Si presentavano come rappresentanti delle forze dell’ordine, avvocati o agenti di società assicurative e truffavano gli anziani, facendo credere che un loro parente era rimasto vittima di un grave incidente stradale. Un classico della truffa che dal 2016 ha fruttato a una banda della provincia di Napoli un bottino di circa 200 mila euro, racimolato raggirando “nonni” in Toscana, Liguria, Umbria, Lazio, Abruzzo e Puglia.
Una vera e propria organizzazione smantellata dai Carabinieri della Compagnia di Arezzo che dalle prime ore di stamani, col supporto dei colleghi del Comando Provinciale del capoluogo campano, hanno arrestato dodici persone, 7 finite nel carcere campano di Poggioreale e 5 ai domiciliari, per “associazione per delinquere finalizzata alla commissione di truffe a danno di anziani”.
L’attività investigativa era stata avviata nel novembre dello scorso anno dopo ripetuti episodi nel capoluogo e nelle vallate aretine che seguivano un copione prestabilito.

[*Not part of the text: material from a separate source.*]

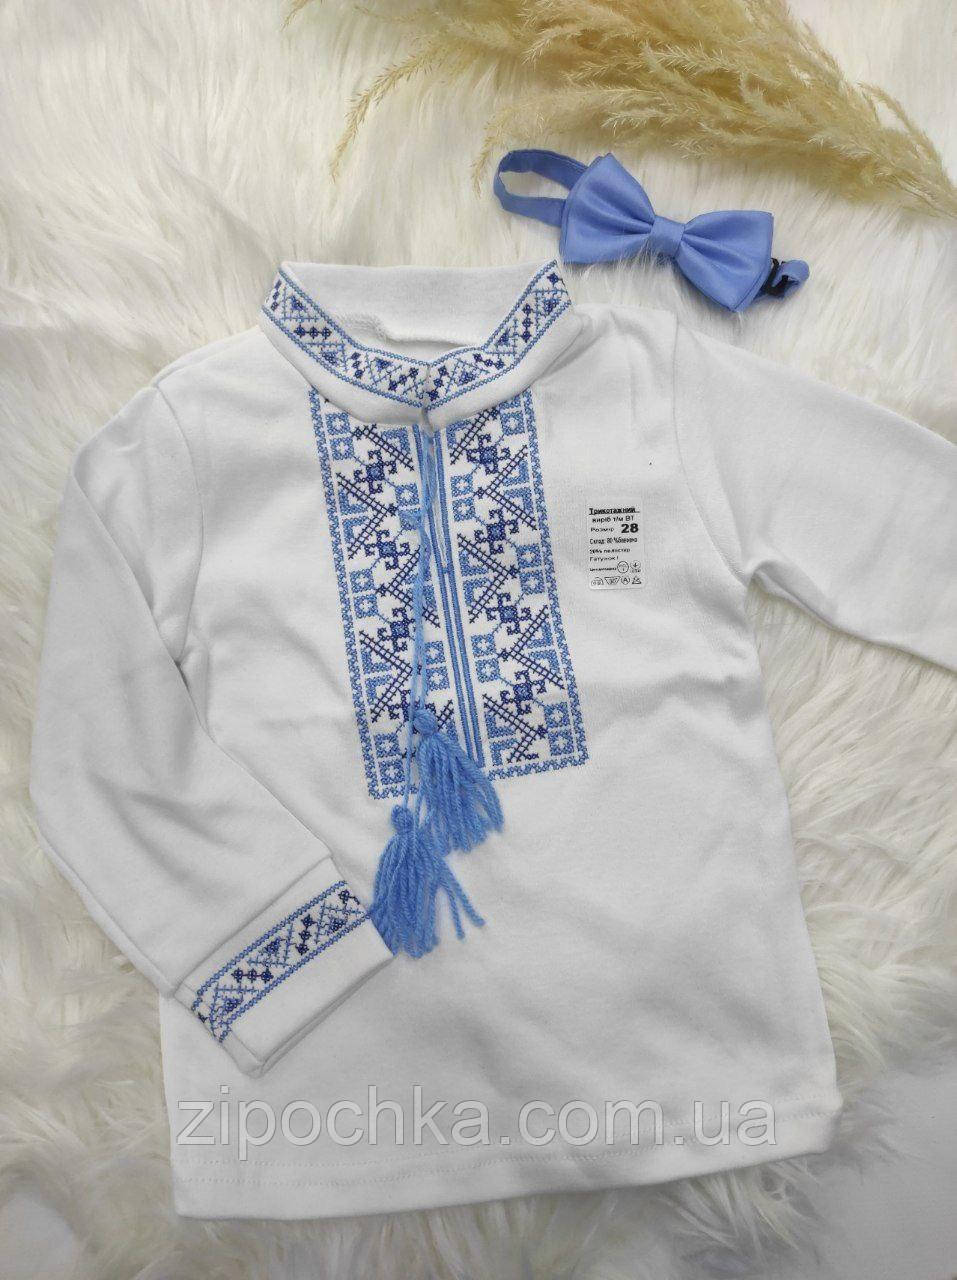 Детская вышиванка сорочка бело-синяя для мальчика  28, 30, 32, 34 розмір

La vittima riceveva una telefonata da un sedicente Carabiniere per informarla che un parente, spesso figlio o nipote, aveva procurato un grave incidente stradale e per questo era stato fermato. Per avere conferma poteva chiamare il “112”, ma faceva in modo che la conversazione non fosse interrotta e passava la cornetta a un complice che confermava l’accaduto, chiedendo di pagare una “cauzione” di alcune migliaia di euro per liberare il congiunto ed evitare sanzioni penali o amministrative.
Il falso militare concludeva il colloquio avvisando che un avvocato o un incaricato dell’assicurazione sarebbe passato a ritirare il dovuto, da saldare in contanti e preziosi.
Durante le indagini è emerso che ogni indagato svolgeva un compito preciso: dall’organizzatore, che dirigeva il gruppo individuando le “prede” e distribuendo i compiti alla banda, agli incaricati della logistica, che reperivano “sim card”, spesso intestate a ignari soggetti stranieri, e noleggiavano le auto usate per gli spostamenti; dai telefonisti, che contattavano i raggirati da Napoli, agli emissari che si presentavano per le riscossioni. Due destinatari delle misure cautelari, infine, erano legati a un affiliato di un clan camorristico riconducibile all’ ”Alleanza di Secondigliano”.